**Directions:**
Transcribe the data verbatim and drop its images.

**Supplied information:**
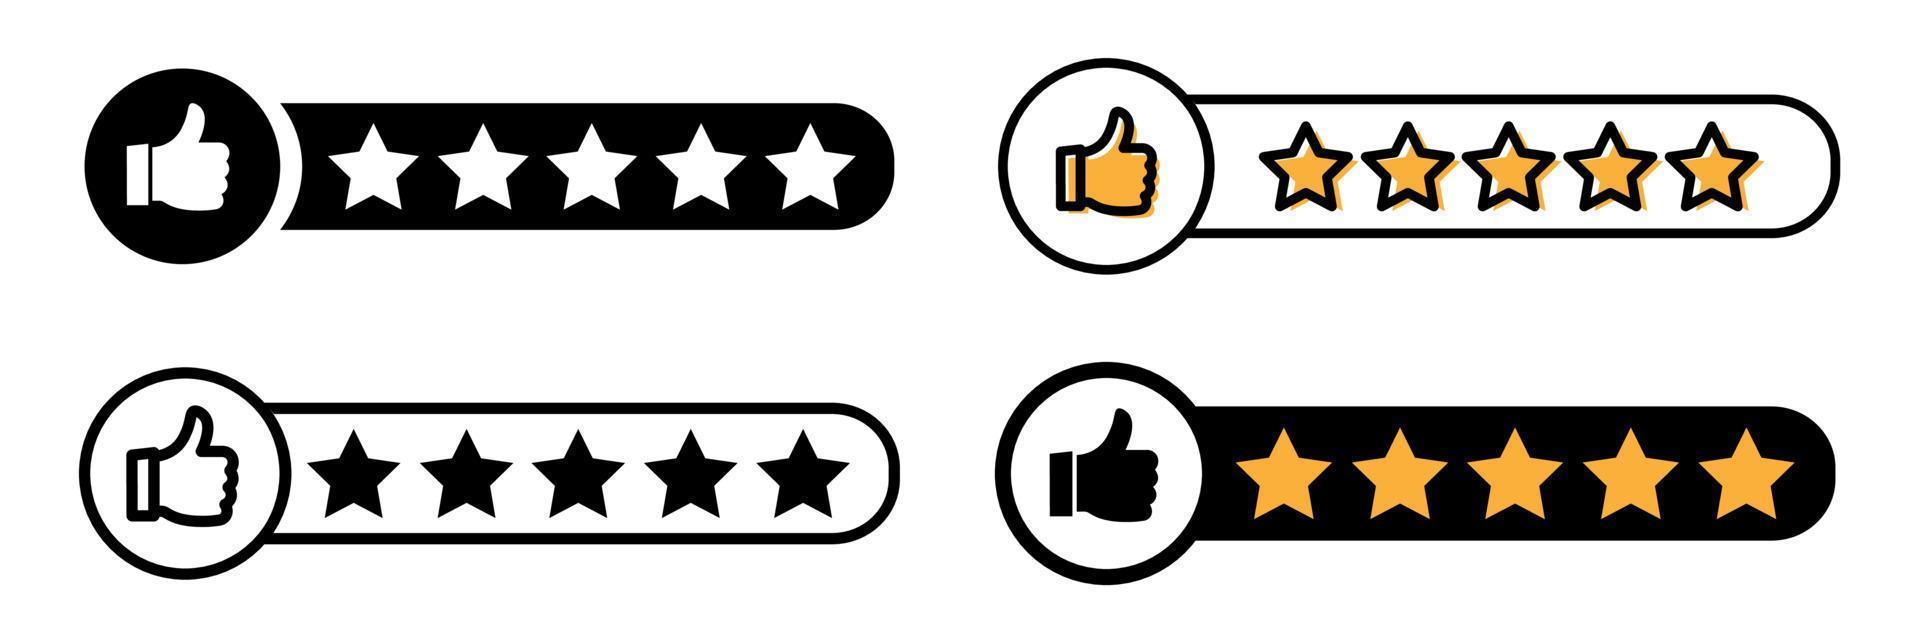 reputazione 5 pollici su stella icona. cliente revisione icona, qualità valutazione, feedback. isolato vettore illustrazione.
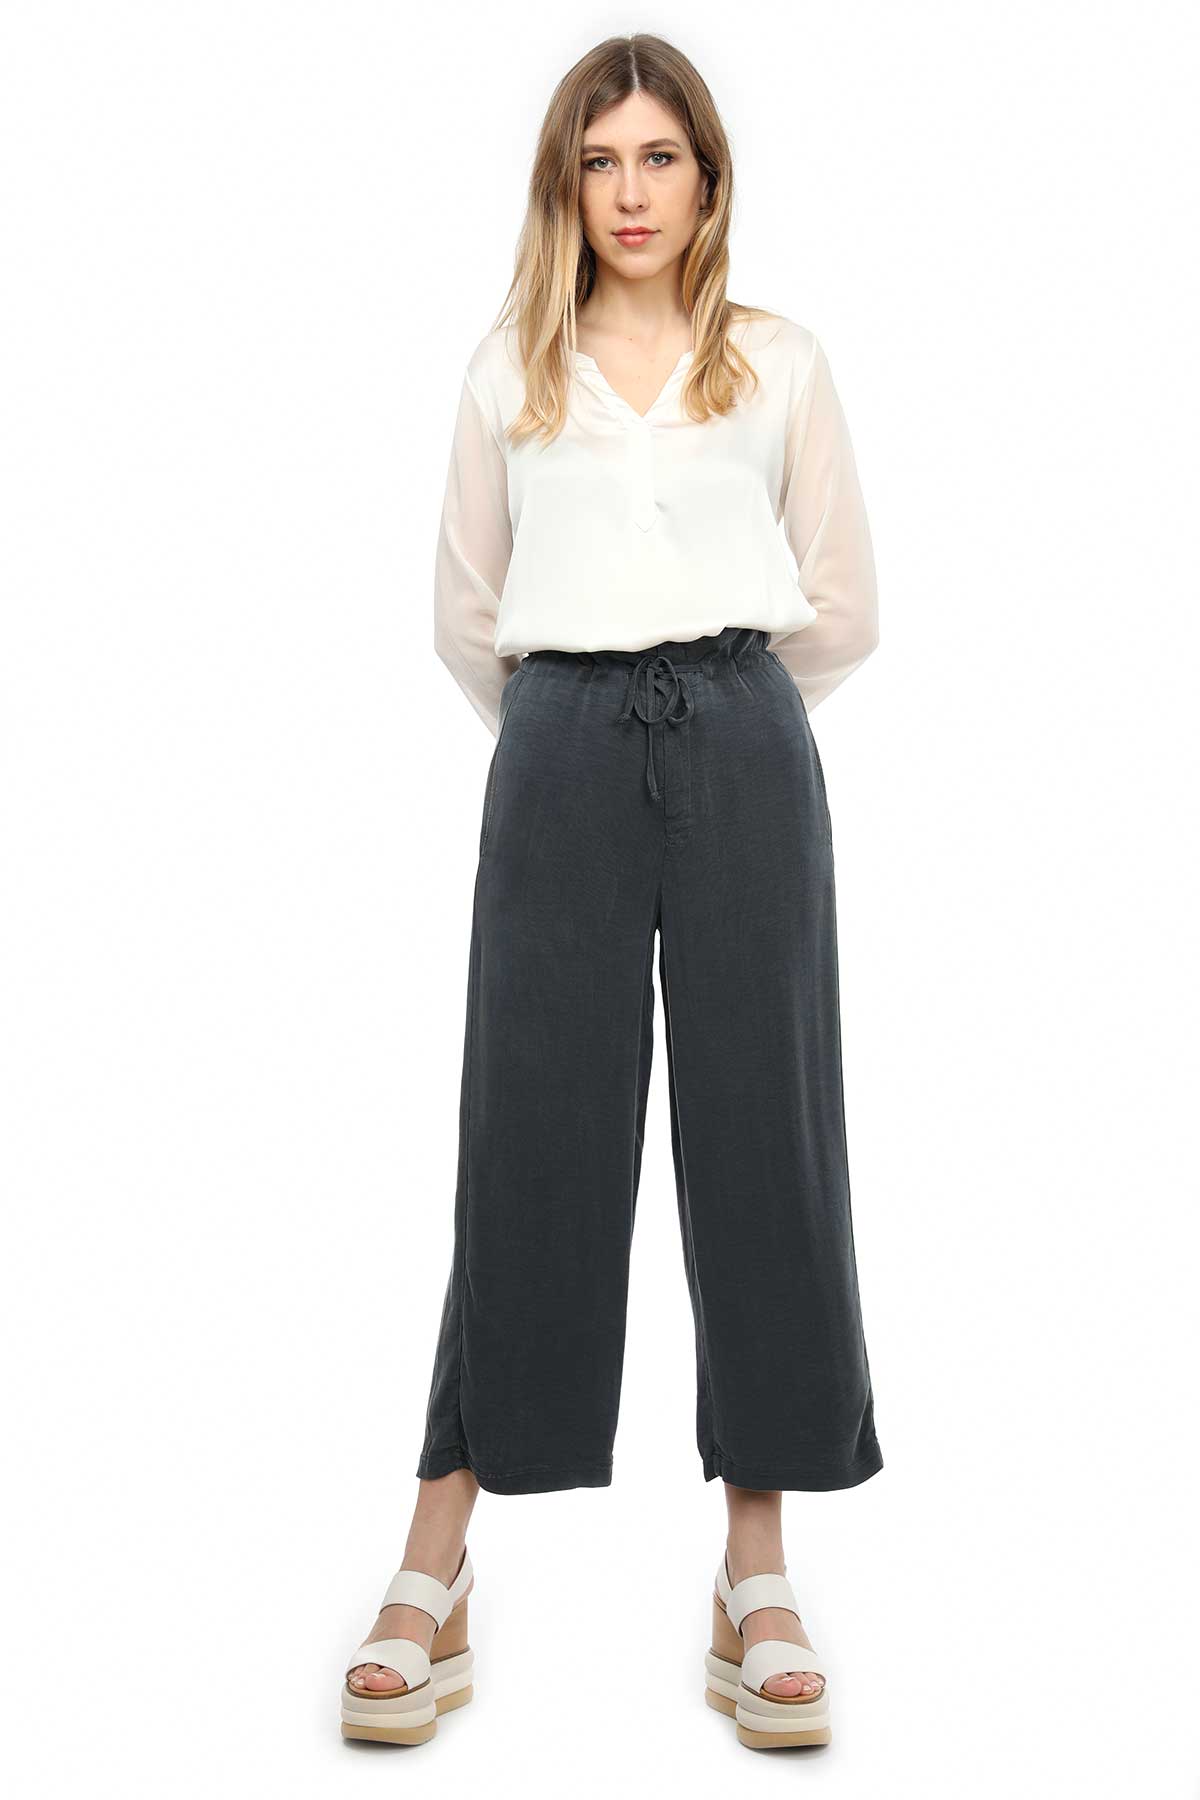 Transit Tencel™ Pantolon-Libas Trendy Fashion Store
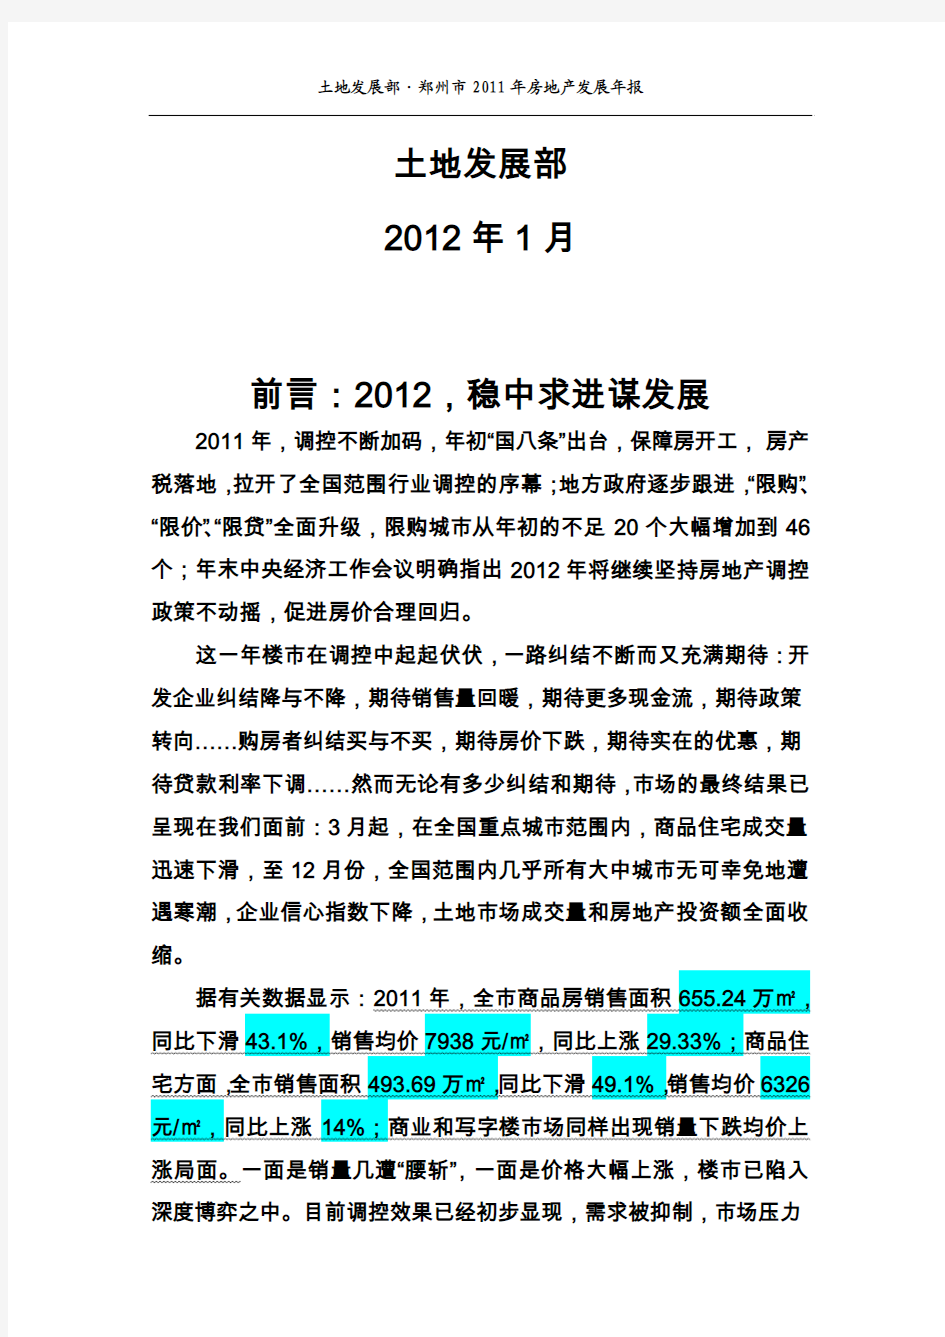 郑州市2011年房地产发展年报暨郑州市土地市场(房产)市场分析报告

**Solution for this problem:**
 reputazione 5 pollici su stella icona. cliente revisione icona, qualità valutazione, feedback. isolato vettore illustrazione.
 Transit Tencel™ Pantolon-Libas Trendy Fashion Store
 郑州市2011年房地产发展年报暨郑州市土地市场(房产)市场分析报告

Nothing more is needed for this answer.